5 Steps to Stop Stress for Business Owners & Entrepreneurs

by | Jul 25, 2012 | Success Mindset

Owning and developing your own business can be a stressful endeavor, which should come as no secret to most people. Even those who have never owned their own company will acknowledge the stress and headaches that can come with being the person at the top of a business. You are responsible for not only your own livelihood, but many of you also for the livelihood of employees who work for you.

Now add the current economic conditions to the picture and it gets even more challenging. Despite best efforts, as a business owner you might be finding  yourself struggling to stay ahead or, at best, stay afloat. The fear of having all of your hard work crumbling underneath you can stress anyone out.

Feeling overwhelmed and emotionally drained can affect many other aspects of  your owner’s life, including your social and family life. And should that stress become apparent to your employees, it could have a harmful affect on their performance and productivity as well, making a bad situation worse.

So how can you as the chief head in your business cope with the stress and emotional strain that can come along with running a business, particularly in a questionable economy?

There are a few simple steps that you can take that to help you not to get so stressed out from your business:

#1.  Expect lots of problems. You’ve probably heard that our reactions are based on our expectations.

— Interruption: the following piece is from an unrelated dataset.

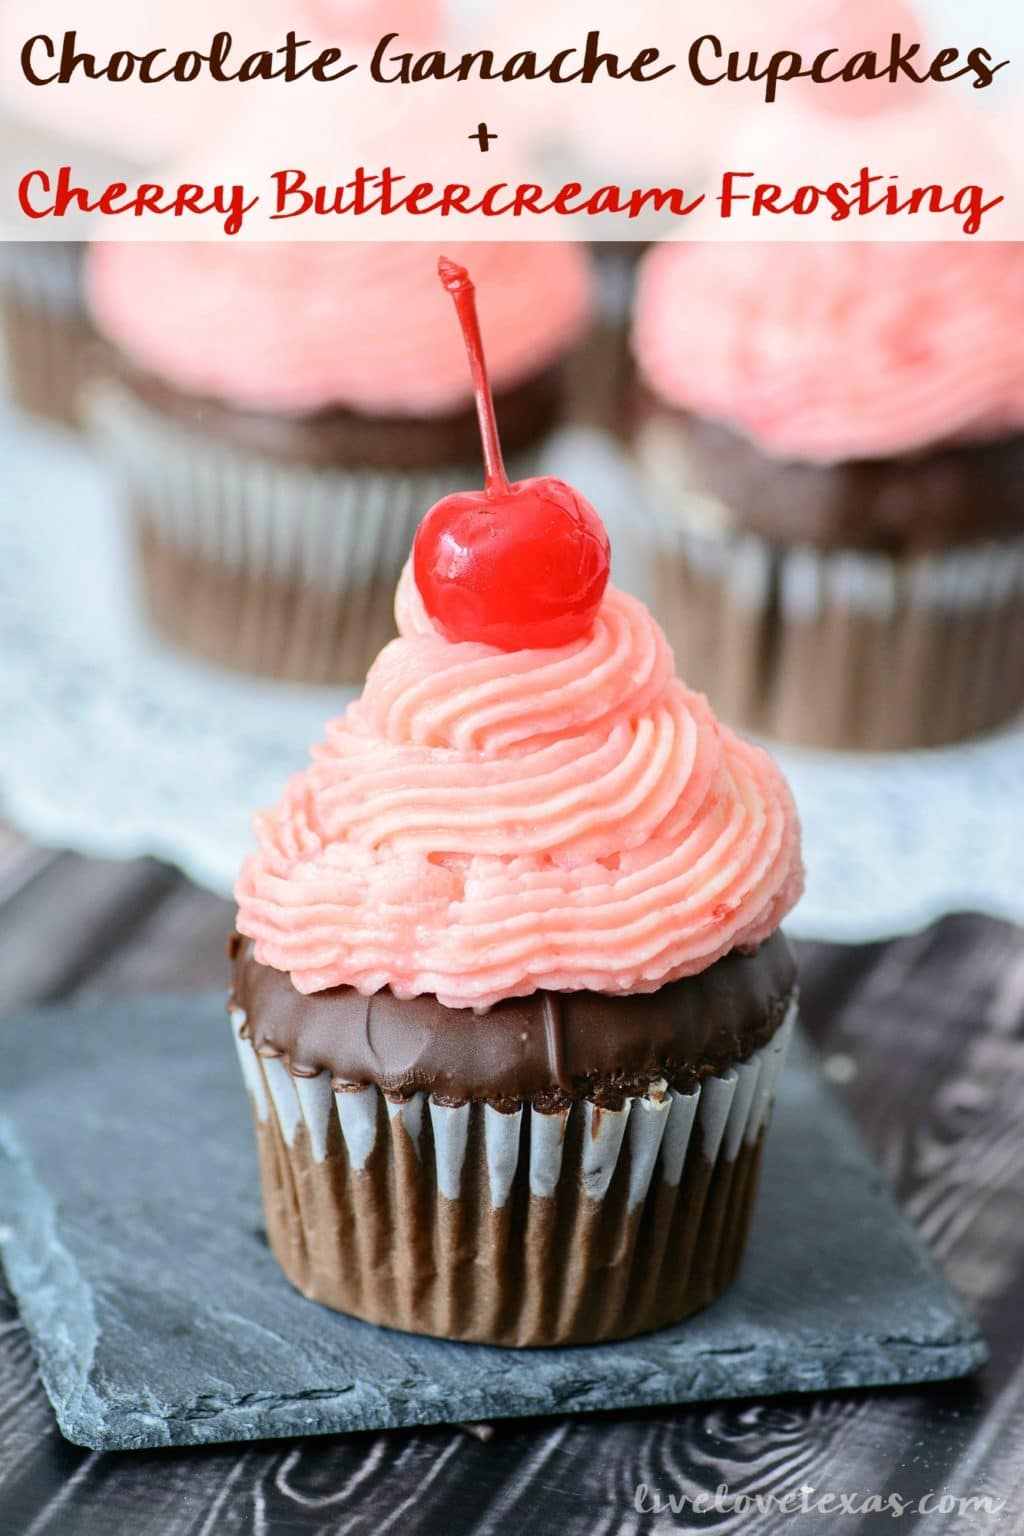 Chocolate Ganache Cupcakes Recipe with Cherry Buttercream Frosting Pinnable

So, it’s no wonder that if we expect smooth sailing that we would naturally react with surprise and tension when problems arise. If you’re constantly feeling stressed out by running your business practice changing your expectations. Expect that lots of problems are a part of the package.

I used to have an office manager years ago who would stroke out every time she had to deal with the occasional customer complaint. After I saw the pattern of her response I stopped and re-wrote her job description as “head-of-complaint-department”. Once I re-set her expectations that she runs the complaint dept. she began to react dramatically calmer to the occasional complaint since she now was expecting to deal with constant complaints. And,  when you’re in the people business — dealing with so many different personalities she then understood that complaints are normal, and she was no longer taken off guard when it happens.

“Champions don’t focus on the problems. Champions focus on how they will respond to problems in the most positive way.”

– quoted by (me) Yoon Cannon

 #2.  Learn and practice relaxation techniques. You don’t have to run away to a yoga retreat in some remote area of the Pacific Northwest, but there are a few exercises you can perform in your own office that can take some of the edge off when things seem particularly stressful: deep breathing, meditation, visualization, etc.  Practicing relaxation techniques can help you manage those small moments of stress from building up to mountain size stress.

#3. Don’t under-estimate the principles of physiology.

Here’s just a simple reminders — whether you give much credence to these or not, these factors still effect anyone’s level of stress.

 a. Watch what you eat. If you’re stressed, the wrong diet can make matters even worse. There is a direct correlation between eating and your emotional state.

b.  Consult with a physician to find out if there are changes you can and should make to your diet to bring down your stress levels. For many of my clients a visit to the doctor did the trick overnight when these women found out that they were simply menopausal. (ok, so men this won’t help you of course, unless of course if it’s your menopausal wife who is causing you most of your stress).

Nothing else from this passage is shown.